How FIX Data Is Used

At a minimum, businesses have to safely retain and archive their FIX messages for audit, regulatory and compliance purposes. If there is an issue with a trade, it is important to be able to see the exact FIX messages that were sent and received in order to understand what happened.

Beyond this though, the data can also be used for valuable analytics purposes. For instance, it may be useful to understand the volume of trades, amends and cancels. There may also be compliance use cases such as idenitfying market abuse or wash trades which may be apparent in the FIX logs. Finally, the data may be useful for risk management or to identify trading opportunities in some circumstances.

For both of these, it is important that data is easy to query, search, analyse and join. If FIX data is simply written to a text file or into an inappropriate database then it is very hard to extract value from and will lead to a lot of time for support agents manually searching through FIX logs.

Where ClickHouse Fits In

As ClickHouse is growing in promenance within capital markets, businesses such as banks, hedge funds, exchanges, brokers and trading technology vendors are increasingly interested in using it to store and analyse their FIX related data. Fortunately, ClickHouse is a natural fit for this use case.

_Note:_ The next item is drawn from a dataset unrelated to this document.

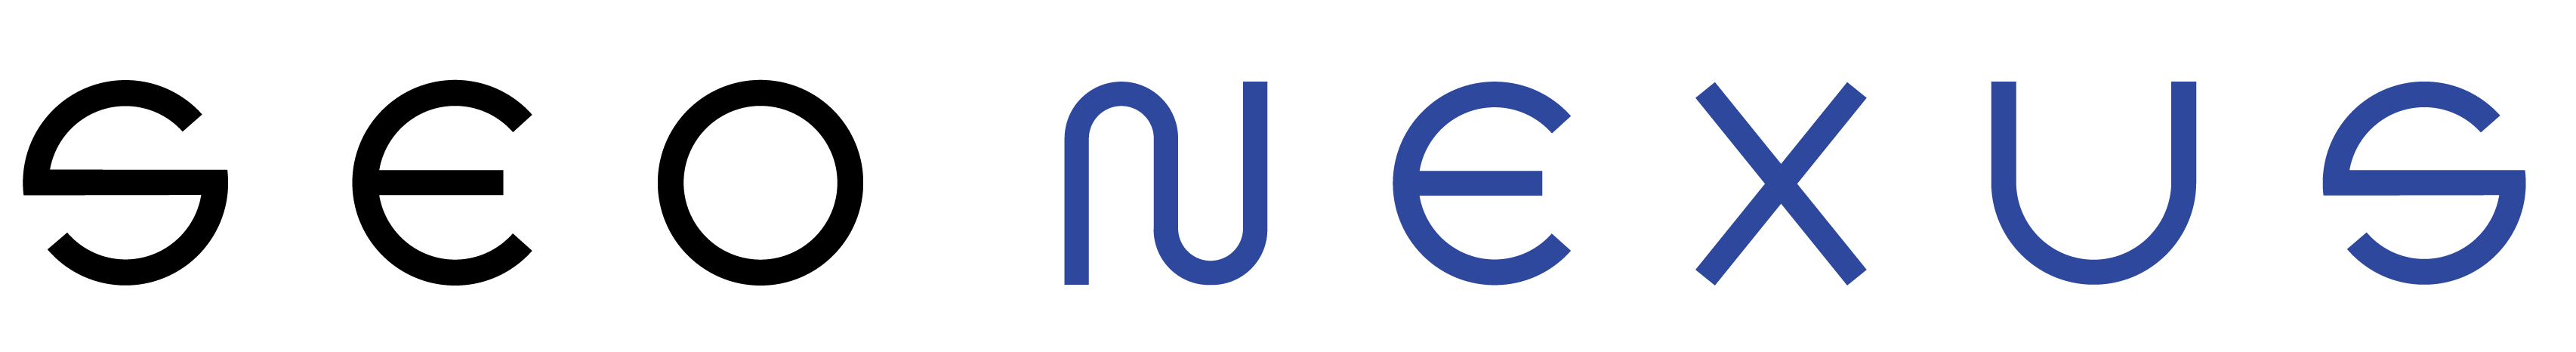 Best Online Marketing Firm Logo: SEO Nexus

FIX data inherently comes in high volumes. A single bank could be exchanging millions of messages per day as they process huge numbers of orders with their various counterparties. Even vanilla trading use cases could generate significant data volumes, whilst in the realm of algorithmic trading and high frequency trading, the number of messages could be in the billions per day. Over the year, we could be in petabyte scale based on FIX messages alone.

FIX data also tends to be time series and event based, meaning it can be appended to a single table without the need for significant denormalisation. This is the type of data which ClickHouse has really been optimised for as it can be stored in one big partitioned table and queried by time.

Electronic trading is also an inherently real time use case. Users such as traders or risk managers and external systems such as post grade processing or compliance systems might want to see FIX logs in near real time. ClickHouse ability to rapidly ingest and query fresh data makes it an excellent fit for this.

About This Example

We wanted to show a simple example of how to store and analyse FIX data using ClickHouse to demonstrate some techniques for working with it efficiently.

In this example, we have a trading technology vendor who are capturing trade data between various counterparty banks. These banks are trading a mixture of 10 different stocks. Each FIX message contains a sender, a receiver and a ticker signifying the counterparties and the stocks they are trading.

In some instances, a counterparty can reject a trade. This could end up costing the requester money if the market price changes. Our task in this example is to understand the financial impact of these cancellations by cross refencing against market data also stored in ClickHouse to understand the financial loss associated with a rejection.

Dataset

We used the SimpleFix Python library for generating a fictitious set of FIX logs representing buy/sell transactions between 10 banks, which we saved in a ClickHouse table called fix.log.

The transactions refer to 10 different stocks. We generated the stock prices from a random walk and saved them in a ClickHouse table called fix.prices. For simplicity, we considered only two types of messages:

  • New Orders - Single (MsgType = ‘D’): A trade request is sent from one bank to another to buy or sell a stock at market price;

  • Confirmation (MsgType = ‘AK’): The bank that received the request either confirms or rejects the trade.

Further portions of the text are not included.